A party must file a notice of review if it disputes the district court's ruling on a particular issue, even if the judgment below is ultimately in its favor. Arndt v. American Family Ins. Co., 394 N.W.2d 791, 793 (Minn. 1986). If a party fails to file a notice of review pursuant to Minn. R. Civ. App. P. 106, the issue is not preserved for appeal, and a reviewing court will not address it. City of Ramsey v. Holmberg, 548 N.W.2d 302, 305 (Minn. App. 1996), review denied (Minn. Aug. 6, 1996), and cert. denied, 117 S. Ct. 766 (1997).
In its memorandum the district court stated that alone, KTK's conduct "has none of the continuous and pervasive contacts that would subject it to the general jurisdiction of this Court." Hansen did not file a notice of review on this issue. Hansen argues that the district court did not address its arguments on specific personal jurisdiction, and it was therefore unnecessary to file a notice of review. We are convinced that the district court was not using "general jurisdiction" as a term of art to distinguish it from specific jurisdiction. Instead, we believe the district court rejected Hansen's minimum contacts argument, and that is why the court relied on the joint venture theory as providing a basis for jurisdiction. Hansen was required to file a notice of review to preserve this issue.
Even if Hansen had filed a notice of review, his argument fails. Because Minnesota's long-arm statute extends jurisdiction to the fullest extent allowed by the due process clause, in practice we ask only whether jurisdiction over a party is consistent with the due process clause. Soo Line R.R. Co. v. Hawken Siddeley Canada, Inc., 950 F.2d 526, 528 (8th Cir. 1991). To satisfy due process, a plaintiff must demonstrate that "the defendant purposefully established 'minimum contacts' in the forum State." Burger King Corp. v. Rudzewicz, 471 U.S. 462, 474, 105 S. Ct. 2174, 2183 (1985) (quoting International Shoe Co. v. Washington, 326 U.S. 310, 316, 66 S. Ct. 154, 158 (1945)). The quality of these minimum contacts must be such that the assertion of jurisdiction comports with "'traditional notions of fair play and substantial justice.'" International Shoe, 326 U.S. at 316, 66 S. Ct. at 158 (quoting Milliken v. Meyer, 311 U.S. 457, 463, 61 S. Ct. 339, 342-43 (1940)). A defendant's activities must be such that the defendant purposefully avails itself of the privilege of doing business within the forum state. Hansen v. Denckla, 357 U.S. 235, 253, 78 S. Ct. 1228, 1240 (1958).
The evidence does not show that KTK was involved with the sale of the pizza machines. Taggares stated in an affidavit that KTK did not assist in "the manufacturing, designing, marketing, sale or dissemination of the pizza vending machine[s]." KTK's only activity related to Minnesota was the two shipments of pizzas to Hansen through a Florida-based distributor in 1993. The distributor invoiced Hansen for the pizzas; KTK had no direct dealings with Hansen relating to these sales.
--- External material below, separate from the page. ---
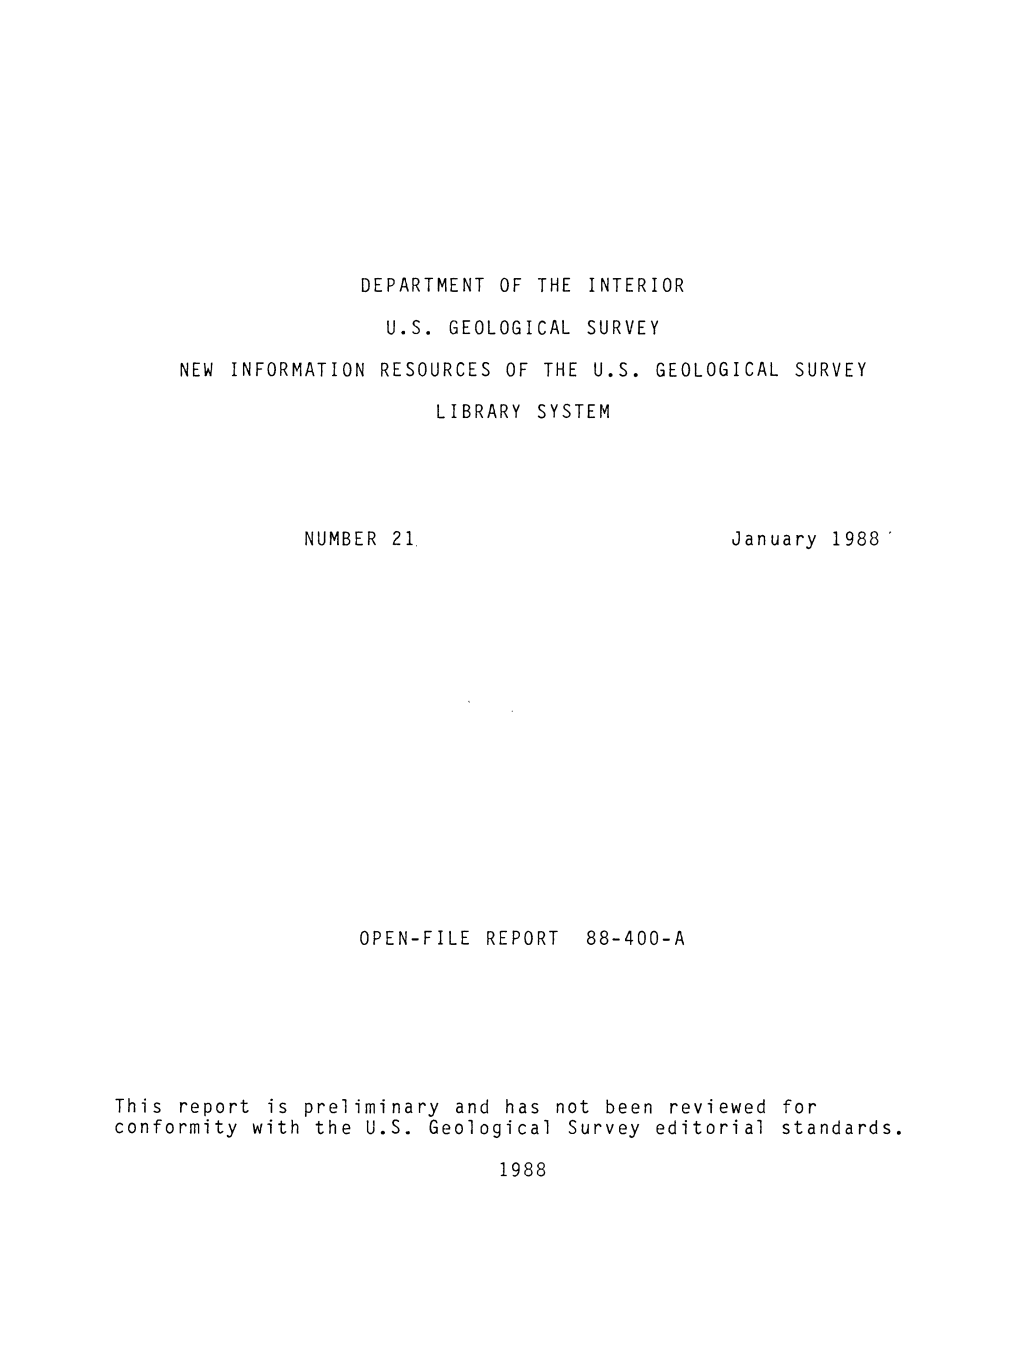 NUMBER 21. January 1988 This Report Is Preliminary and Has Not

These isolated transactions do not establish that KTK purposefully availed itself of the privilege of doing business in Minnesota. We conclude that Hansen has not shown sufficient minimum contacts to meet due process requirements. See Estate of Birnbaum, 543 N.W.2d at 653 (noting that when jurisdiction is challenged, plaintiff bears the burden of proving minimum contacts).